Aligning tracks on removeable bridges

ge_rik

British narrow gauge (esp. Southwold and W&LLR)
Country flag
Even since my railway was constructed I've relied on an ad hoc system for aligning the tracks at the ends of the two swing bridges I have which are needed to give access to the patio and the sheds. This has usually entailed wedging bits of wood and odd bits of roofing felt under the rails to try and persuade them to stay aligned - you can imagine the results!!

After more than a few derailments in my last operating session I decided enough was enough and so have hopefully sorted out my problem once and for all! I take no credit for inventing the system - I'm sure I saw it in Railway Modeller sometime in the previous century - but thought someone else may appreciate seeing this solution.

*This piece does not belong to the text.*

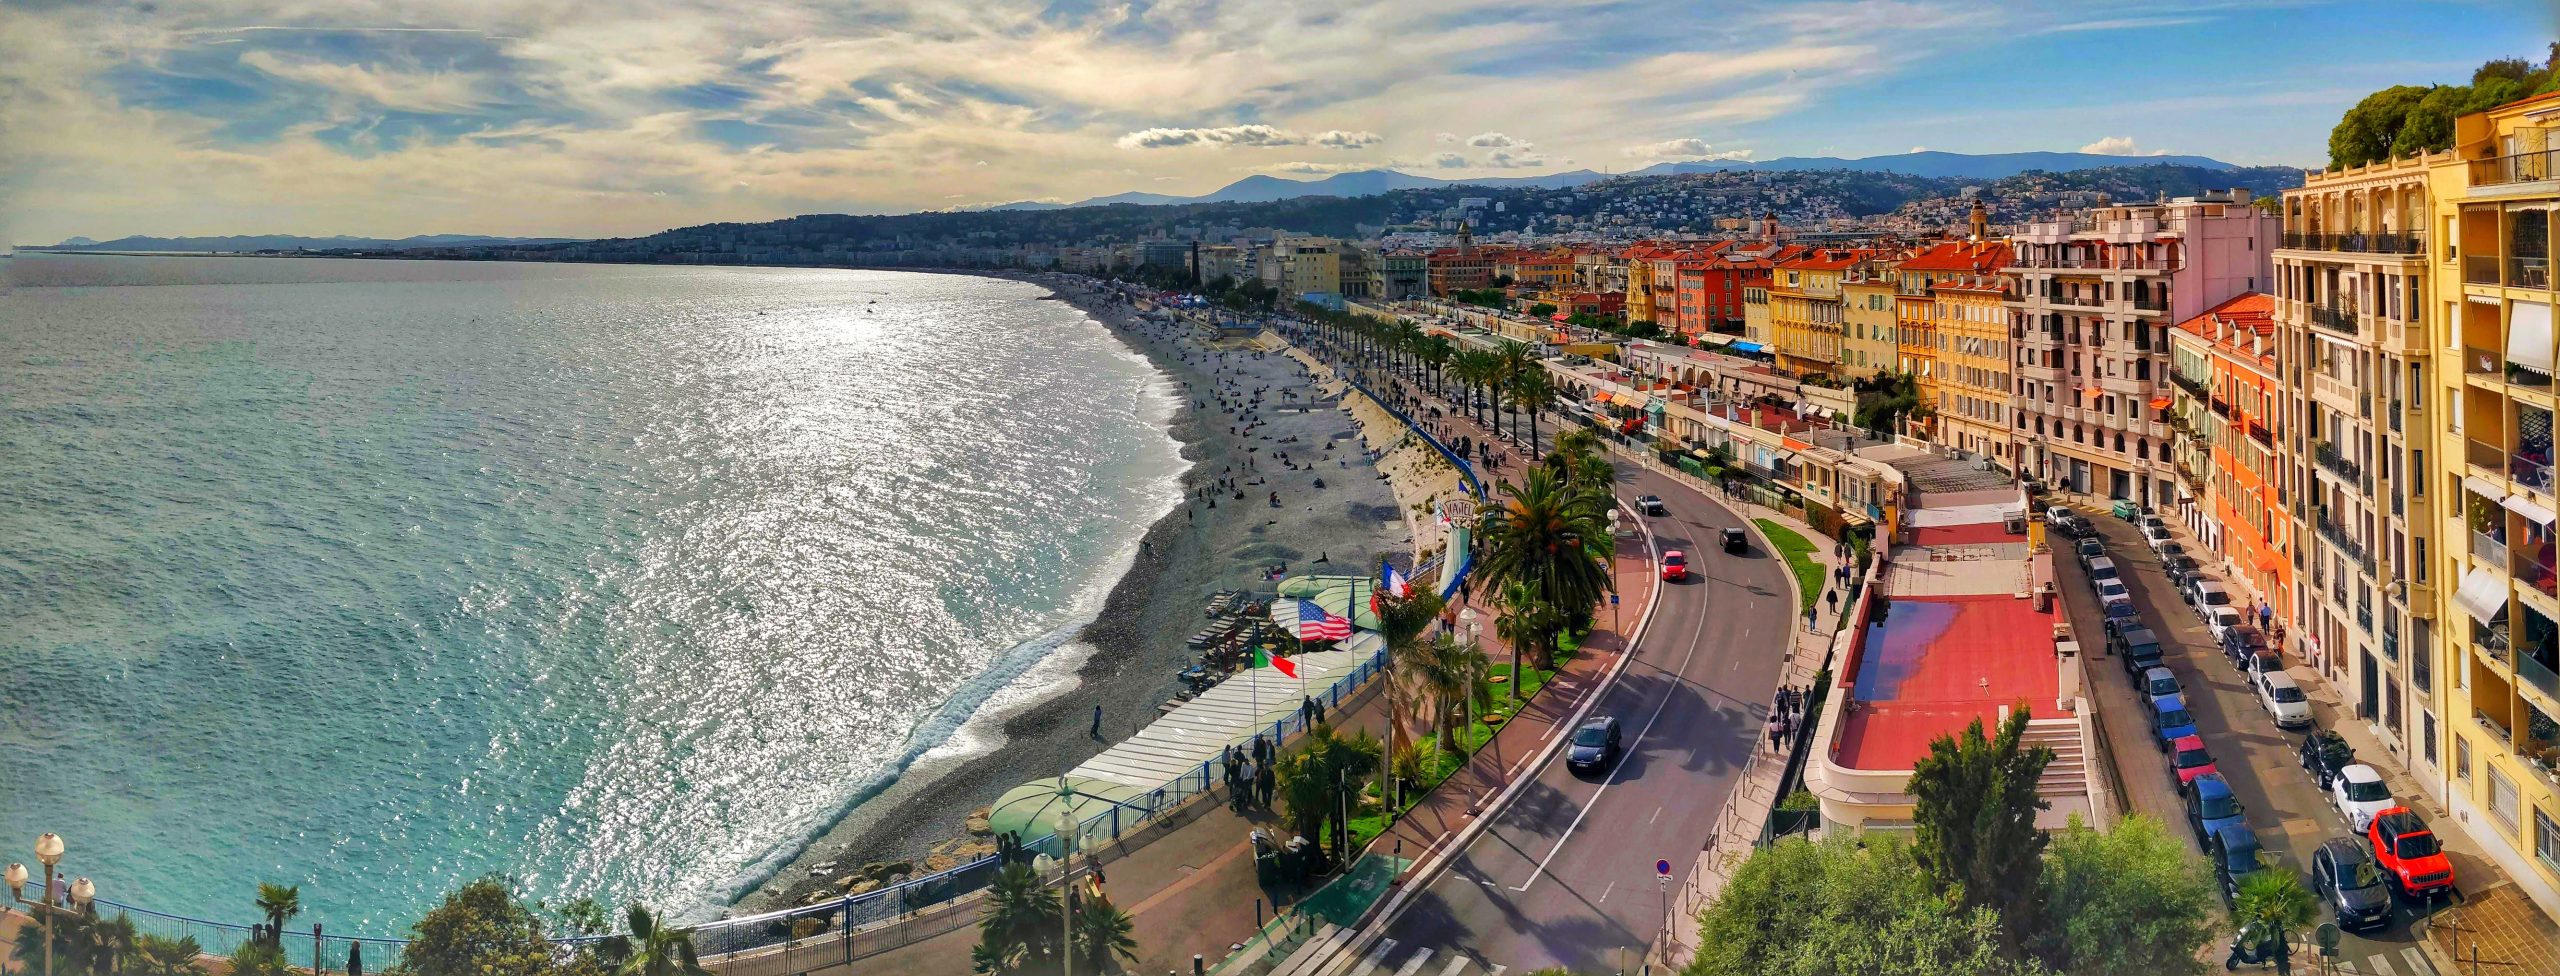 South Of France – Nice, France: Promenade De Anglais (Part 4/5)

Take two bits of brass tubing and a bent beheaded galvanised nail (I would have used brass rod but didn't have any of the right diameter to hand).
IMG_5127.JPG


Solder the brass tubes to the ends of the rails and then pass the 'bolt' through them. Result, reliable alignment!
IMG_5131.JPG


Has anyone solved the problem differently? I'd be interested in seeing other solutions to what must be a common problem for we modellers who venture into the great outdoors.

Rik
 
ge_rik said:
Has anyone solved the problem differently? I'd be interested in seeing other solutions to what must be a common problem for we modellers who venture into the great outdoors.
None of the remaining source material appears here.